CSS Gradient Generator

Create linear, radial, and conic gradients with full customization. Use randomization and presets to design perfect gradients for any project.

Color Stop Controls
Color Stops
0.0%#ff00001.00
100.0%#0000ff1.00
Preview

Click on the bar to add a color stop, drag markers to adjust position

CSS Code
Gradient Examples

What is a CSS gradient?

CSS gradients let you create smooth color transitions without any image files. Just write some CSS—no downloads, no extra HTTP requests. They scale perfectly at any size and work on backgrounds, borders, you name it.

The best part? They're built right into CSS using functions like linear-gradient() or radial-gradient(). Want a simple fade? Easy. Need a complex multi-color effect? Add as many color stops as you want. Your pages load faster since there aren't any images to fetch.

These days, gradients are everywhere—backgrounds, buttons, hero sections, cards. Every modern browser supports them. Way better than the old image-based approach.

What's the difference between linear and radial gradients?

Linear gradients flow in a straight line—horizontal, vertical, diagonal, whatever angle you need. The syntax is linear-gradient(direction, color1, color2, ...). Radial gradients radiate out from a center point in circles or ellipses. Think spotlight effects or those trendy circular buttons.

Here's the main difference in use cases:

  • Linear: Sunsets, headers, directional backgrounds, anything that flows in one direction
  • Radial: Spotlights, vignettes, focus effects, circular elements that need depth

Both support multiple colors and you can layer them for wild effects. I typically start with linear since it's more predictable, then switch to radial when I need that circular radiating feel.

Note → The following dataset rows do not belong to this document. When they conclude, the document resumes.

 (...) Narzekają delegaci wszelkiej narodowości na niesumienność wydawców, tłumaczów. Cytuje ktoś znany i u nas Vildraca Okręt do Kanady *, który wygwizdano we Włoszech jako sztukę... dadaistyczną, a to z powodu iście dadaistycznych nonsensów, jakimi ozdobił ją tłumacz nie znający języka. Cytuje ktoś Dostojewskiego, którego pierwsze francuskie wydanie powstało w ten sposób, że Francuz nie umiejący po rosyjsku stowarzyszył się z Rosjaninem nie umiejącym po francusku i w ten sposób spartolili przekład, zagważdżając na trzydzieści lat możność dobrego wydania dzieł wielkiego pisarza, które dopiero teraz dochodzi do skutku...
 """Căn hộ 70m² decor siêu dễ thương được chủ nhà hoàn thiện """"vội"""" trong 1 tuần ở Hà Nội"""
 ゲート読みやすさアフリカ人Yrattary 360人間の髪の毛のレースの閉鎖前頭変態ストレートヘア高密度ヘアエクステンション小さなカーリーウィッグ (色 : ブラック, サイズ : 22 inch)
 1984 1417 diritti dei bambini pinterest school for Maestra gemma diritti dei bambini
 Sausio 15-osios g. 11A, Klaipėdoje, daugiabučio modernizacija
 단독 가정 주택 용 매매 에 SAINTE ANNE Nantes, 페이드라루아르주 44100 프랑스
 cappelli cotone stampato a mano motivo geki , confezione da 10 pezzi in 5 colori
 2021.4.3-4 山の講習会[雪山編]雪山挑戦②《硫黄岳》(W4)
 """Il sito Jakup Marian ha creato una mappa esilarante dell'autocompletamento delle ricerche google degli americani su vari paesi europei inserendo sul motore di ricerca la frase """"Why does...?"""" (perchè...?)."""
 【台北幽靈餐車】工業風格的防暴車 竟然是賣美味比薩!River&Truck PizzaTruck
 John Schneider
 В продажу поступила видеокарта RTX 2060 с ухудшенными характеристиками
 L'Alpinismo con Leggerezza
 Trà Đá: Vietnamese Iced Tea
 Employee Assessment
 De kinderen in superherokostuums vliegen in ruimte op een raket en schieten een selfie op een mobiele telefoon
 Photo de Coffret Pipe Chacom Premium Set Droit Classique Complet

How do color stops work in gradients?

Color stops tell the gradient where each color should start and end. Each stop has a color and an optional position (like 0%, 50%, 100%). No position? The colors just spread out evenly.

Check this out: linear-gradient(red 0%, yellow 50%, blue 100%) puts red at the start, yellow in the middle, blue at the end. Want a hard line instead of a smooth fade? Put two stops right next to each other: linear-gradient(red 50%, blue 50%). Boom—sharp edge, no blending.

You can get creative here. Add as many stops as you want. Overlap them. Put multiple colors at the same position.

It's how you create stripes, layered effects, and precise color control. Master color stops and you'll master gradients. Play around with different positions until you get the exact look you're after.

Can I create a gradient with multiple colors?

Absolutely. CSS doesn't limit you—add as many colors as you need. linear-gradient(red, orange, yellow, green, blue, purple) gives you a full rainbow in one line. Works with both linear and radial types.

Pro tip though—stick to 3-5 colors for clean, professional results. Too many and things get muddy. Use our generator above to play around and see what looks good.

How do I create a repeating gradient pattern?

Use repeating-linear-gradient() or repeating-radial-gradient(). Unlike regular gradients that transition once across an element, these tile automatically.

Here's a diagonal stripe: repeating-linear-gradient(45deg, red 0px, red 10px, white 10px, white 20px). It repeats every 20 pixels and fills your entire background. Want a candy-cane effect? There you go.

Common uses include loading animations, progress bars, warning stripes, decorative backgrounds. They perform better than tiled images and scale to any resolution.

Just adjust those color stop distances to control how dense or spread out your pattern looks. Smaller distances = tighter pattern, bigger distances = more spread out.

Are CSS gradients supported in all browsers?

All modern browsers—Chrome, Firefox, Safari, Edge, mobile browsers—support gradients fully. You don't need vendor prefixes anymore for the basic syntax. Supporting IE 10 or older? Add a solid color fallback first: background: #3498db; background: linear-gradient(to right, #3498db, #2980b9);.

Some newer features like conic-gradient() have spottier support on older browsers. Always test on your target browsers. Modern build tools can add vendor prefixes automatically if you need them.